- _Assignment_
With the pictures omitted, repeat exactly the lines below starting with the line that has "Vecchie ringhiere in" and going on through the line that has "Il ne faut pas".

- _Supplied data_
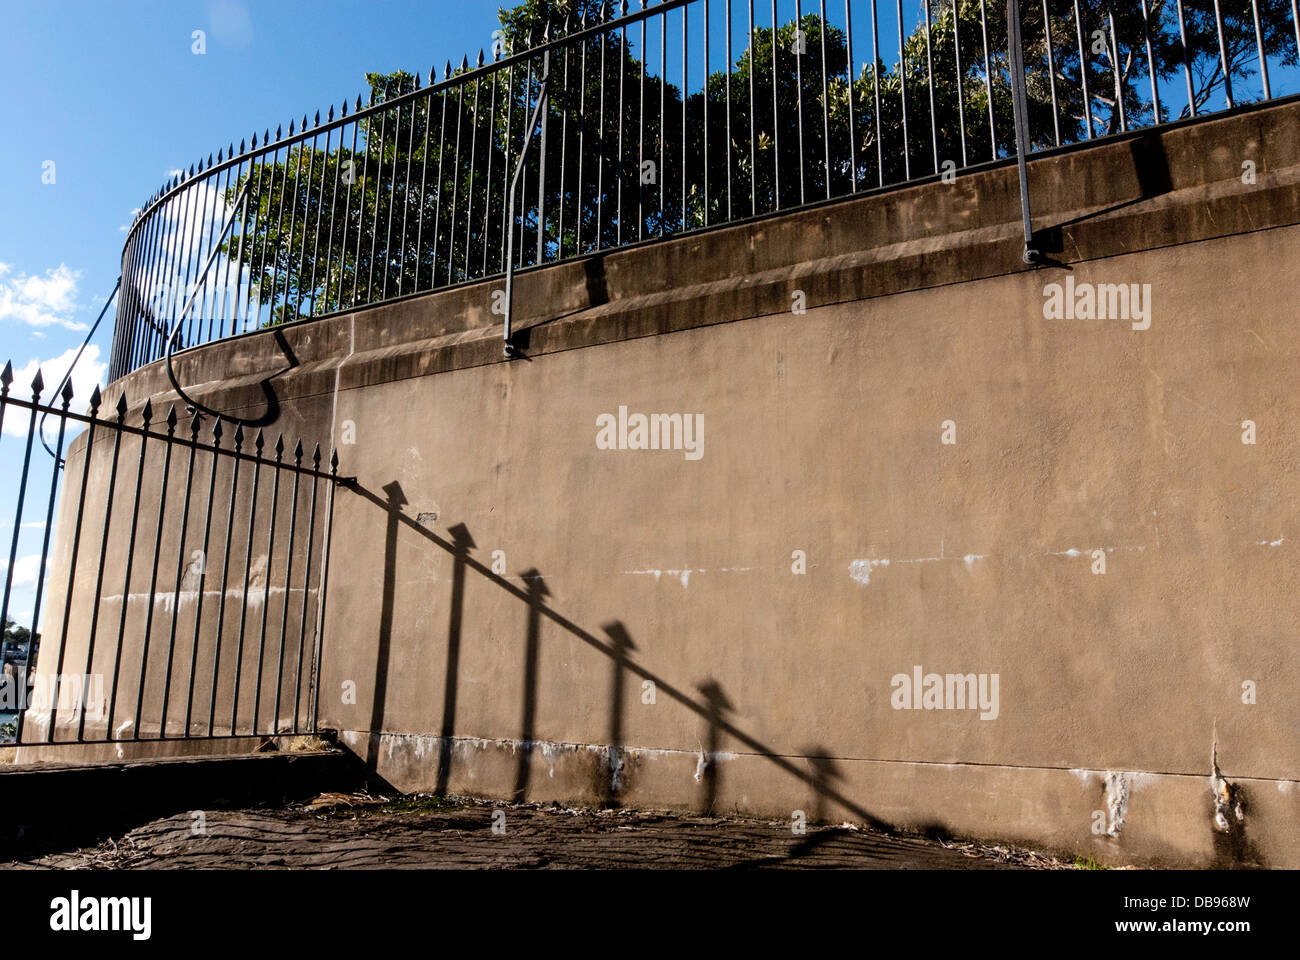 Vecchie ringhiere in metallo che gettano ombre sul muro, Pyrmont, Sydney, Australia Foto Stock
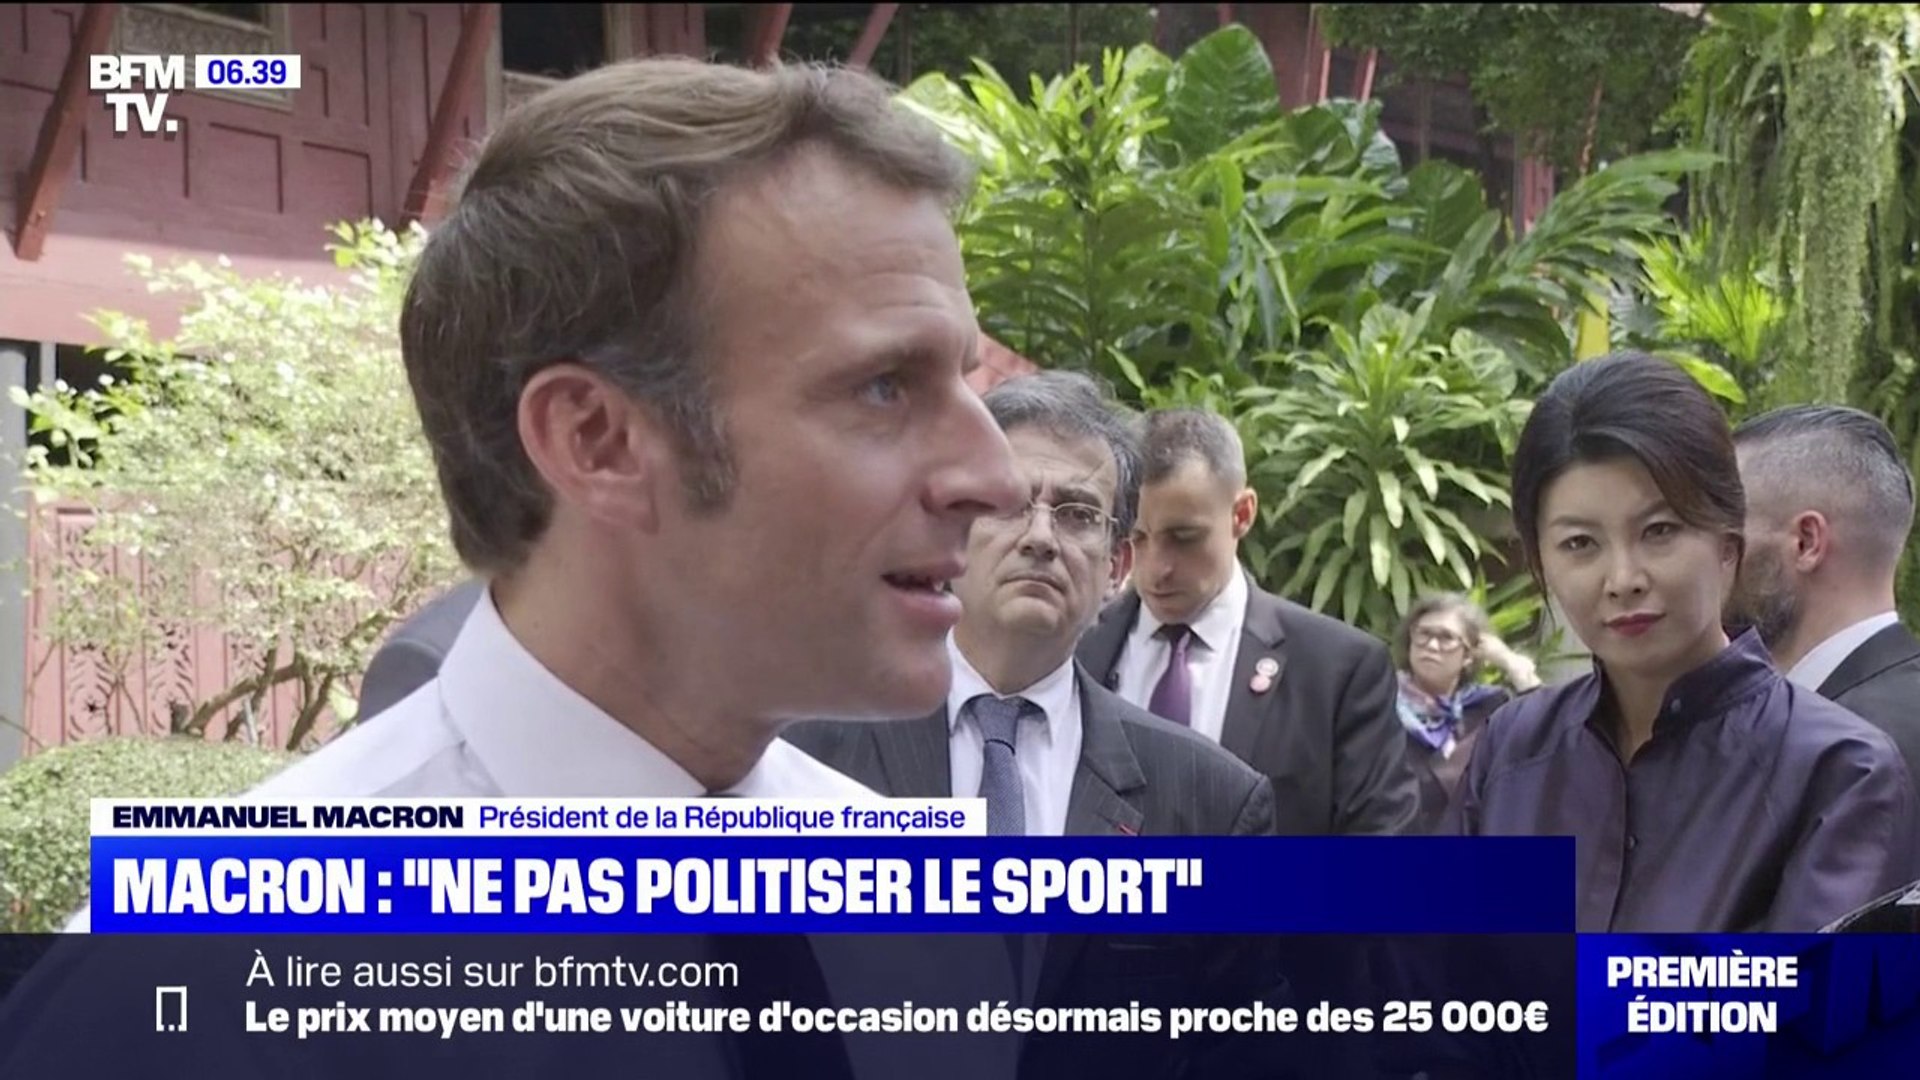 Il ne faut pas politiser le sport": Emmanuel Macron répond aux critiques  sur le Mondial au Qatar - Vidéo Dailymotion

...

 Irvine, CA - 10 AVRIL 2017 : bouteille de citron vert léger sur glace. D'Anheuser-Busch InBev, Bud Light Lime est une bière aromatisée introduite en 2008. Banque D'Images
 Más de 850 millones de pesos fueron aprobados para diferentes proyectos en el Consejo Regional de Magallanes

---

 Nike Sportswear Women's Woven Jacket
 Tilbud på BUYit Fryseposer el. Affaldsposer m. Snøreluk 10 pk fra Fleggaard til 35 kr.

- _Response area_
 Vecchie ringhiere in metallo che gettano ombre sul muro, Pyrmont, Sydney, Australia Foto Stock
 Il ne faut pas politiser le sport": Emmanuel Macron répond aux critiques  sur le Mondial au Qatar - Vidéo Dailymotion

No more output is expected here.